Facteurs génétiques et mode de vie sain en relation avec l’incidence et le pronostic des maladies hépatiques sévères dans la population chinoise

Facteurs génétiques et mode de vie sain en relation avec l’incidence et le pronostic des maladies hépatiques sévères dans la population chinoise

Les maladies hépatiques sévères (MHS), comprenant la cirrhose et le cancer du foie, constituent un fardeau majeur de santé publique en Chine. À l’échelle mondiale, ces pathologies figurent parmi les principales causes de mortalité, avec une contribution substantielle de la Chine. Malgré les progrès médicaux, la prévalence des MHS reste élevée, influencée par des facteurs tels que l’infection par le virus de l’hépatite B (VHB), la consommation d’alcool et les risques liés au mode de vie. Cette étude explore l’interaction entre la prédisposition génétique et les facteurs de mode de vie sain dans l’incidence et le pronostic des MHS en Chine.

Les données proviennent de la China Kadoorie Biobank (CKB), une étude de cohorte prospective incluant 504 009 participants âgés de 30 à 79 ans, recrutés dans 10 régions chinoises. Aucun participant ne présentait de cancer ou de pathologie hépatique au départ, avec un suivi moyen de 10 ans. Des modèles de régression de Cox ont estimé les rapports de risque (HR) d’incidence et de mortalité liées aux MHS, ajustés pour l’âge, le sexe, la région, l’éducation et l’auto-évaluation de la santé. Le risque génétique a été évalué via des variants des gènes HLA-DP/DQ associés au VHB, tandis que les facteurs de mode de vie sain incluaient le tabagisme, la consommation d’alcool, l’activité physique et l’adiposité centrale.
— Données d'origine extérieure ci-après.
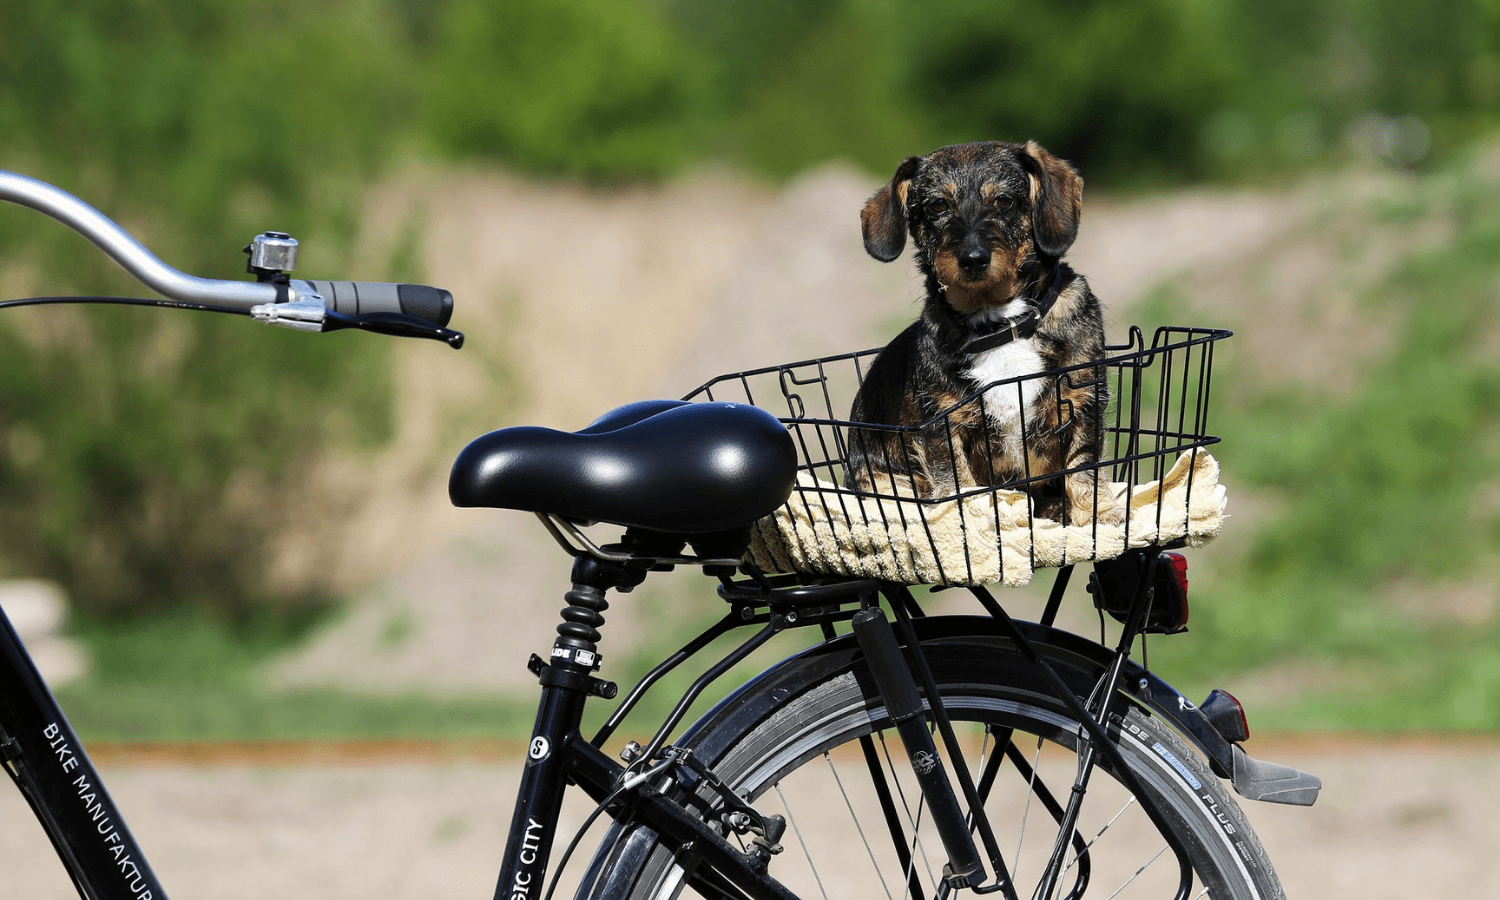 Zu einem nachhaltigen Hundealltag gehört auch der Transport: Statt Auto sollte man mal das Fahrrad nehmen. Kleine Hunde können dabei in einem Fahrradkorb transportiert werden. © Allen Barkly

Les résultats montrent qu’un mode de vie sain réduit significativement le risque de MHS. Les participants avec 2, 3 et 4 facteurs sains présentaient respectivement 12 %, 26 % et 44 % de risque en moins par rapport à ceux avec 0–1 facteur. Ces associations inverses étaient cohérentes quel que soit le risque génétique, bien que plus marquées chez les individus à faible risque génétique. Par exemple, un risque réduit de 40 % était observé chez les personnes à faible risque génétique avec 4 facteurs sains, contre 33 % chez celles à haut risque. L’interaction entre risque génétique et mode de vie n’était pas significative, suggérant que les modifications du mode de vie sont bénéfiques indépendamment de la prédisposition génétique.

L’étude a également examiné l’impact des facteurs de mode de vie sur les biomarqueurs hépatiques. L’indice de stéatose hépatique (FLI) et le score BARD (basé sur l’IMC, le rapport AST/ALT et le diabète) étaient inversement corrélés aux facteurs sains. Les participants avec 4 facteurs sains présentaient des scores FLI et BARD significativement plus bas. La réduction des scores BARD était plus prononcée chez les individus à faible risque génétique, soulignant le potentiel des interventions comportementales pour atténuer la fibrose hépatique dans ce sous-groupe.

Concernant le pronostic des MHS, un mode de vie sain était associé à une mortalité réduite après diagnostic. Chez les patients à faible risque génétique, 4 facteurs sains réduisaient le risque de décès de 41 %, bien que cette association ne soit pas significative chez ceux à haut risque, probablement en raison d’une puissance statistique limitée. L’arrêt du tabac, une consommation modérée d’alcool, l’activité physique et un tour de taille sain amélioraient indépendamment la survie.

Cette étude souligne l’importance des modifications du mode de vie pour réduire l’incidence et améliorer le pronostic des MHS, en particulier chez les individus à faible risque génétique. Les comportements sains, comme l’absence de tabagisme ou une consommation d’alcool modérée, réduisaient le risque de MHS de 20 % à 23 %. L’activité physique et la gestion du poids contribuaient également à des réductions modestes.

Ces résultats ont des implications cruciales pour les stratégies de santé publique en Chine, où la prévalence du VHB et des facteurs de risque liés au mode de vie reste élevée. La promotion de modes de vie sains, couplée à l’utilisation de biomarqueurs comme le FLI et le BARD pour le dépistage précoce, pourrait atténuer le fardeau des MHS. Des recherches futures devraient explorer l’impact des interventions comportementales sur le pronostic des patients à haut risque génétique et identifier d’autres facteurs génétiques et environnementaux modulant l’évolution des MHS. L’intégration de l’évaluation génétique et des modifications du mode de vie offre une approche prometteuse pour réduire l’incidence et la mortalité liées aux MHS en Chine.